New Delhi, India — April 6, 2026
Rising geopolitical tensions following the Russia-Ukraine War and fresh fears of a potential conflict between the United States and Iran have created uncertainty across global financial markets, triggering sharp volatility.
Indian equity markets have not remained immune, with corrections of up to 15% reported across segments. The turbulence has left many mutual fund investors anxious, questioning whether to continue investing or exit the market.
However, financial experts emphasize that long-term investment success depends less on market conditions and more on investor behavior during downturns.
Panic Selling Can Be Costly
Market downturns often test investor patience. Even seasoned investors can feel pressured when portfolios turn negative. But experts warn that panic-driven decisions—such as stopping SIPs or redeeming investments—can lead to long-term losses.
“Panic is the most expensive mistake in investing,” said Jitendra Solanki, highlighting that volatility is an inherent feature of equity markets.
Staying Invested Is Key to Wealth Creation
Equity mutual funds are designed for long-term growth, and patience remains the most critical factor for wealth creation.

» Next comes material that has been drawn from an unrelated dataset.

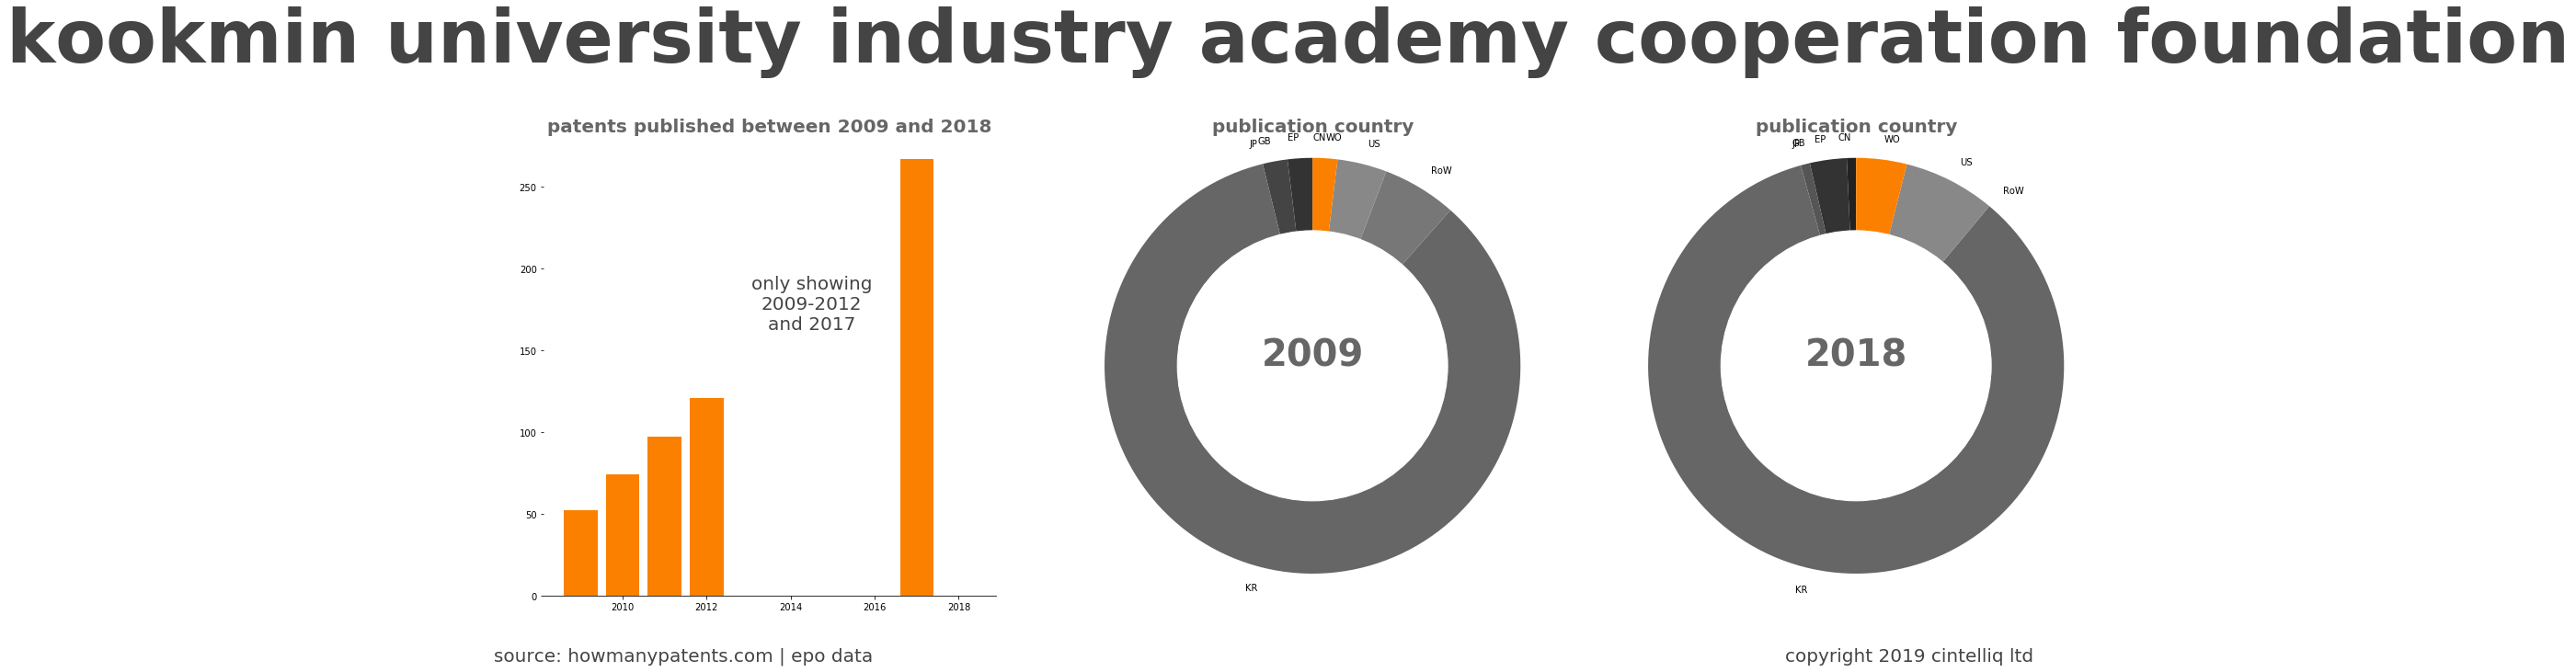 summary of patents for Kookmin University Industry Academy Cooperation Foundation

Historically, investors who stayed invested through market cycles have generated the strongest returns. Attempting to time the market—exiting during downturns and re-entering later—often leads to missed opportunities.
Market Correction Offers Buying Opportunity
A falling market can actually benefit disciplined investors:
- New Investors: Lower valuations offer an attractive entry point
- Existing Investors: Opportunity to average down investment costs
When markets decline, SIP (Systematic Investment Plan) contributions buy more units at lower prices, significantly enhancing long-term returns when markets recover.

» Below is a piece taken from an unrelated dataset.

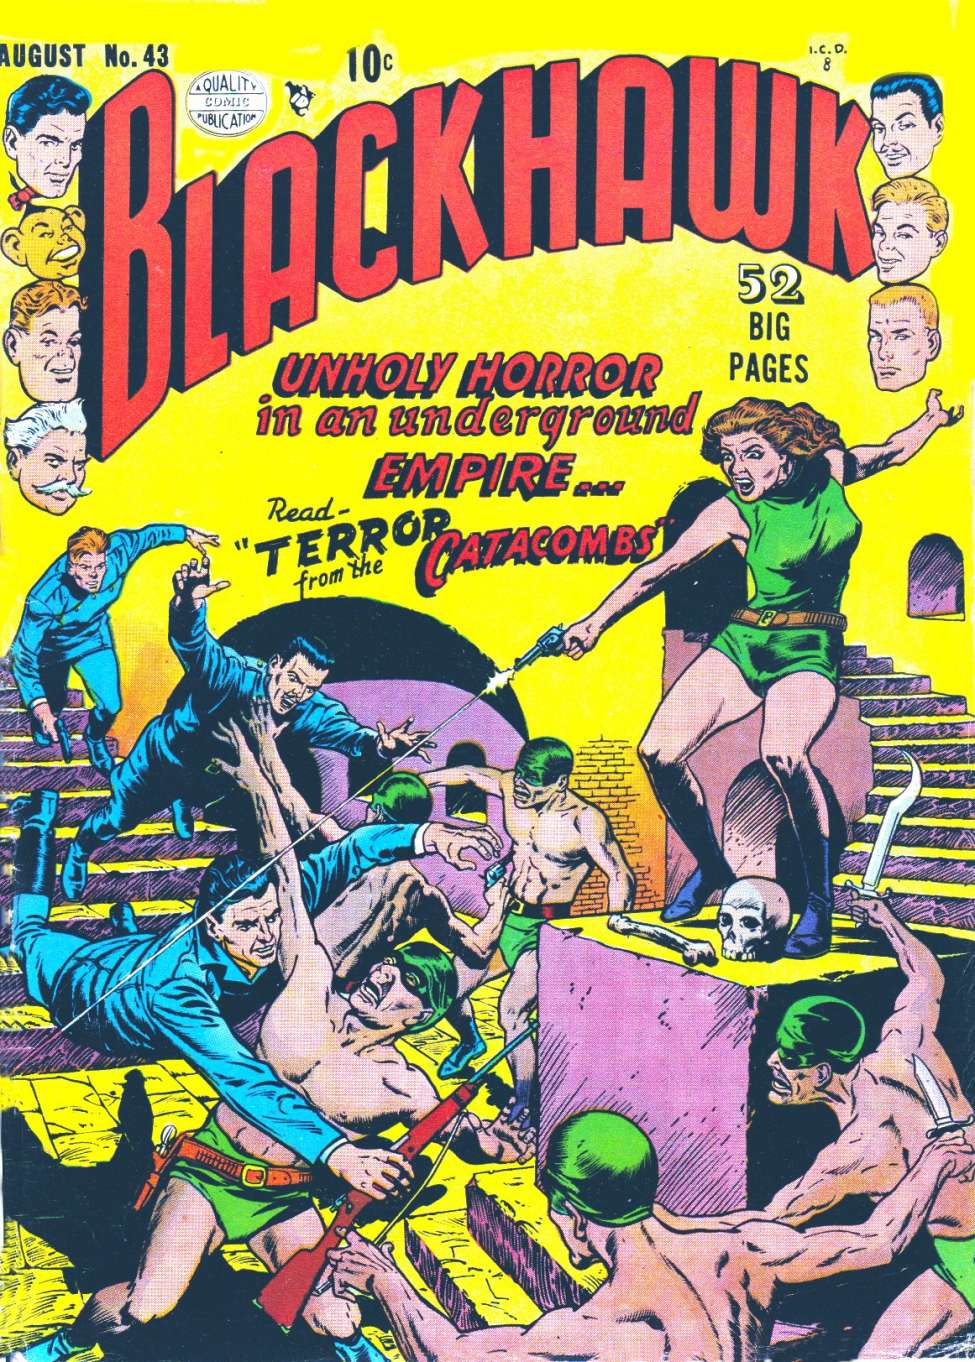 Comic Book Cover For Blackhawk 43

Currently, large-cap, mid-cap, and small-cap segments have seen declines of 8–9% or more, creating potential value zones for long-term investors.
Focus on Risk, Not Just Returns
Experts caution against chasing high-return funds during downturns. Instead, investment decisions should align with individual risk tolerance:
- Large Cap Funds: Offer stability and consistency; ideal as portfolio foundation
- Mid & Small Cap Funds: Suitable only for investors with a 10–15 year horizon due to higher volatility
- Hybrid/Flexi Cap Funds: Provide diversified exposure with dynamic allocation by fund managers
Common Mistakes Investors Should Avoid
- Chasing Past Returns: Avoid investing in funds solely based on last year’s performance
- Lump Sum Investing in Volatile Markets: Prefer staggered investments over large one-time allocations
- Stopping SIPs: Discontinuing SIPs during downturns can hurt long-term compounding
Data Snapshot: Mutual Fund Declines (March 2026)
According to Association of Mutual Funds in India data (as of March 24, 2026):
Large Cap Funds
- ITI Large Cap Fund: -7.02%
- LIC MF Large Cap: -5.57%
- Axis Large Cap Fund: -5.02%
- UTI Large Cap Fund: -4.99%
Mid Cap Funds
- Motilal Oswal Midcap Fund: -10.50%
- Quant Midcap Fund: -8.16%
- SBI Midcap Fund: -4.70%
Small Cap Funds
- Tata Small Cap: -17.41%
- JM Small Cap: -9.49%
- HSBC Small Cap: -8.42%
What Should Investors Do Now?
- Continue SIPs: Lower markets mean more units accumulated
- Review Portfolio: Rebalance asset allocation if required
- Stay Patient: Market downturns often turn into future opportunities
Experts reiterate that sticking to a disciplined investment plan is the most effective strategy during uncertain times.
Gold Is Insurance, Not Speculation
With gold prices hitting record highs amid global uncertainty, investors are increasingly turning to the metal as a safe haven.
However, experts caution against overexposure. Gold should be treated as portfolio insurance rather than a speculative asset.
Investors are advised to limit gold allocation to 5–10% of their overall portfolio and avoid heavy buying at peak price levels.
Outlook: Discipline Will Define Long-Term Success
The current market environment underscores the importance of asset allocation and emotional discipline.
A balanced portfolio that includes equity, debt, and gold can help navigate volatility more effectively. While short-term uncertainty may persist, long-term investors who remain committed to their strategy are more likely to emerge stronger.
In the world of investing, those who withstand volatility ultimately win the long race.